Se levantó temprano, aunque no tanto como cuando tenía que ir a trabajar. De todos modos, la noche anterior había puesto el despertador, por si acaso, una hora más tarde de lo habitual.
La noche anterior toda la familia se había sentado al fresco a tomar algo y a charlar, contentos de que un año más estaban todos juntos, y cada uno había contado sus pequeñas aventuras, sus cosas, nada extraordinario. Esas conversaciones, aprovechando la poca frescura de la noche, ponían contento su corazón de madre.
Había muchas cosas que hacer en la cocina, muchas viandas que preparar con esmero porque era un día especial y la comida tenía que ser perfecta.
Se duchó en un momento y antes de pasar a la cocina puso en marcha el aire acondicionado. A ella no le gustaba dejar el aire puesto toda la noche y eso le había costado más de una discusión con su marido que quería tenerlo puesto todo el día, a pesar de lo caro que era, así que consintió en tenerlo en marcha las horas de sol, que en aquella casa pegaba fuerte por estar orientada al sur.
Desde que vivían en Santander éste sería el primer año que pasarían la fiesta en la playa, aprovechando el calor. Los vecinos solían hacerlo, pero a ella le daba mucha pereza hacer la comida y luego empaquetarla bien para que llegara en condiciones.
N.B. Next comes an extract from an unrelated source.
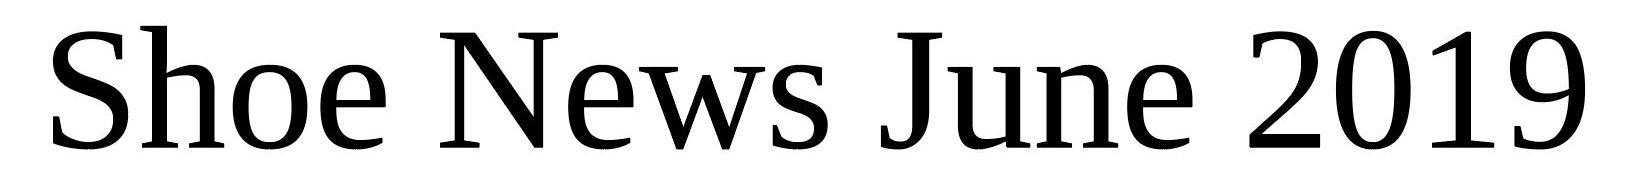 Shoe News June 2019 Misiu Academy

Tenían ya preparadas las sillas de camping, la mesa plegable y las tumbonas para dormir la siesta después de comer y, por supuesto, las dos sombrillas ya que una no daba para proteger a toda la familia.
Luisa había decidido que no iba a llevar la ensalada, la tortilla de patatas y los filetes empanados habituales. Aquella era una fiesta especial que pasaba una vez al año, estaban todos, incluso el hijo mayor que trabajaba en Sevilla y la hija recién divorciada, lo que evitaría a la familia la pesadez del exyerno que sabía de todo sin haber estudiado nada.
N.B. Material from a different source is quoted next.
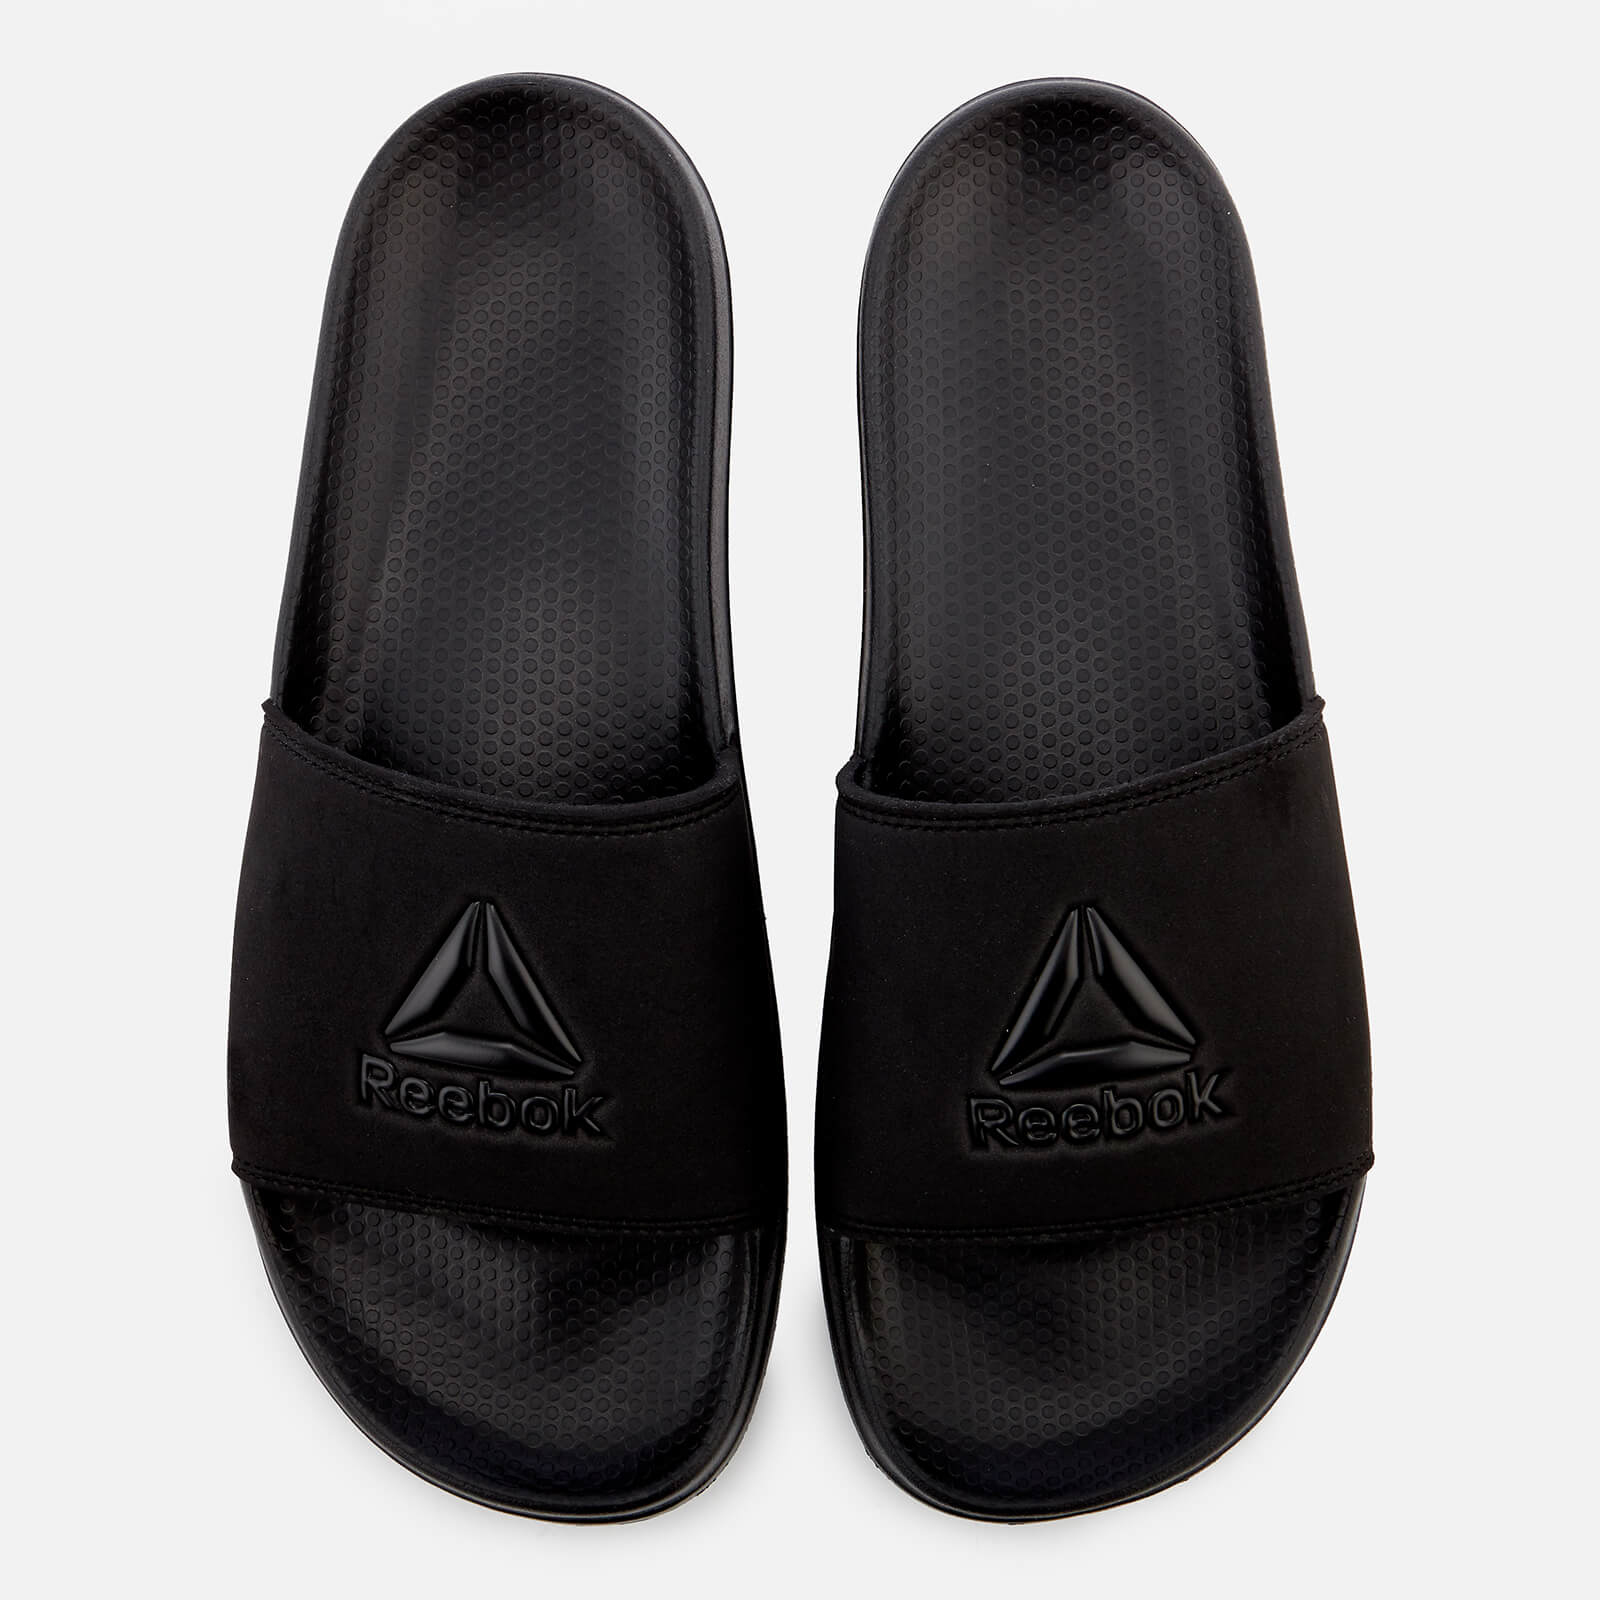 reebok slide sandals Online Shopping

Sacó el pollo de la nevera y la carne picada para rellenarlo. De la despensa los orejones, las pasas, los piñones, la cebolla, para picarla lo más fina posible, la botella de jerez y los palillos. Con destreza rellenó el pollo, usó los palillos para coser el agujero que había quedado y lo puso en el horno a pesar del calor, porque la celebración valía la pena.
Preparó con paciencia y mimo unos canapés variados en pan de molde cortado a triángulos. Los hizo de queso con un tomatito pequeño, otros con mantequilla y anchoa, otros con pepinillos y aceitunas y otros de foie-gras. Menos mal que los dulces los había comprado en la pastelería y no tenía que hacerlos, tampoco hubiera sabido hacerlos, así que mejor comprarlos hechos.
La familia se fue levantando y asomándose a la cocina para ver cómo iban los preparativos. Todos preguntaron retóricamente si podían ayudar.
Cuando estuvo todo listo y guardado en recipientes adecuados y el champán y las otras bebidas en la nevera portátil, Luisa ordenó a su familia que se embadurnaran bien de crema solar sin dejar ni un centímetro de piel libre. El cambio climático era una cosa seria.
Sonó el teléfono. Era el tío Alberto, que parecía un poco achispado, diciendo: ¡Feliz año nuevo! ¡Feliz 2030! Gracias, igualmente, contestó Paco, el marido de Luisa que no tenía ganas de hablar.
—Este, como siempre, va adelantado —comentó Paco—. Hoy es Navidad, pero el pencas de tu hermano todavía no se ha enterado. ¡Vámonos, que me quiero dar un baño antes de comer!
Y la familia al completo, con la comida y todos los bártulos, se encaminó a celebrar la Navidad en la playa y comer el turrón con la arena.